Carlos Pinheiro

Cesto com Umbu, fruta típica do Nordeste.

Cesto com Umbu, fruta típica do Nordeste.

O carro quebrou bem embaixo do viaduto, na entrada de Caruaru quando se vem do lado de Recife. Sentou-se numa pedra à margem das lembranças quando foi alvejado por caroço de umbu jogado do alto. Tapou o Sol com mão de adeus enxergando dois moleques sentados no parapeito da ponte seca. Pareciam crianças conhecidas com caras velhas em corpos juvenis. Bebido não tinha, ainda. Talvez, rescaldo do uísque na noite passada o fizesse ter visões. Outro caroço de umbu o atingiu na testa, sonorizado pelo riso das criaturas esquisitas, felizes com a brincadeira e seguras na balaustrada. Balançavam as pernas enquanto veículos passavam sem amedrontá-las. Apertou olhos encandeados e coração disparado ao identificar os maloqueiros travessos que soltavam papagaios coloridos que, de tão grandes, chegavam a fazer sombra em todo o viaduto. Na envergadura do pássaro de papel, provavelmente construído por Maria Aleijada ou por Delo Araújo, podia-se ler “Caruaru azul palavra” escrita em letras garrafais com pisca-pisca luminoso e, misteriosamente, sustentado por linha finíssima que à lógica física parecia negar à sustentação, pois ventava bastante. Era o amigo Souza Pepeu* o jogador de caroços de umbu quem sorria parecendo dizer: “O Paraíso é aqui”, e cantarola com o poeta Carlos Fernando** travestido de índio Xucuru cabeçando cocar em penas coloridas de galinha caipira. Precisava parar de beber, pois visões de espectros acompanhavam o viajante.

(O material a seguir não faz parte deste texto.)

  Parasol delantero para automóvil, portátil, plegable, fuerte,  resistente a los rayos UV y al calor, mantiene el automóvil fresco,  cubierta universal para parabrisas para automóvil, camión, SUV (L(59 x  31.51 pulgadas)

Passado o susto aceitou a visão como real, indagando-se. Se Souza Pepeu e Carlos Fernando morreram e já reencarnaram em corpos de crianças é porque se valeram de pistolão, furaram a fila e estão de volta a Caruaru, de onde nunca sairão pelos escritos jornalísticos e musicais de qualidade que nos legaram. De repente o viaduto foi tomado pelo Bloco Carnavalesco Tupinambá comandado por Wellington Branco seguido do Bloco dos Professores guiado por Valter Guimarães. E chegaram Pedro Sucata, Hélio Mota e Lambreta com as Cabrochas da Sé que, na sombra da gigantesca pipa preparavam o carnaval de frevo com mistura no forró. Abdias Lé, sobraçando livro, sorria em companhia de João Belmiro, Vavá Nunes, João de Lila e Gilvan Silva.

O motorista do socorro mecânico o despertou da sonolência visionária. Abriu os olhos e no viaduto não viu ninguém. Fez o retorno a Caruaru, postou-se no viaduto à espera do Grupo País de Caruaru*** que faz encontro neste sábado no restaurante A Fazendinha.

E no bolso da camisa encontrou umbu madurinho, cabeludo, que chupou e guardou o caroço como amuleto.

Vê se pode?

***

*Souza Pepeu – importante jornalista caruaruense falecido em 2010. **Carlos Fernando – compositor caruaruense e renovador do Frevo com Asas da América, falecido em 2013.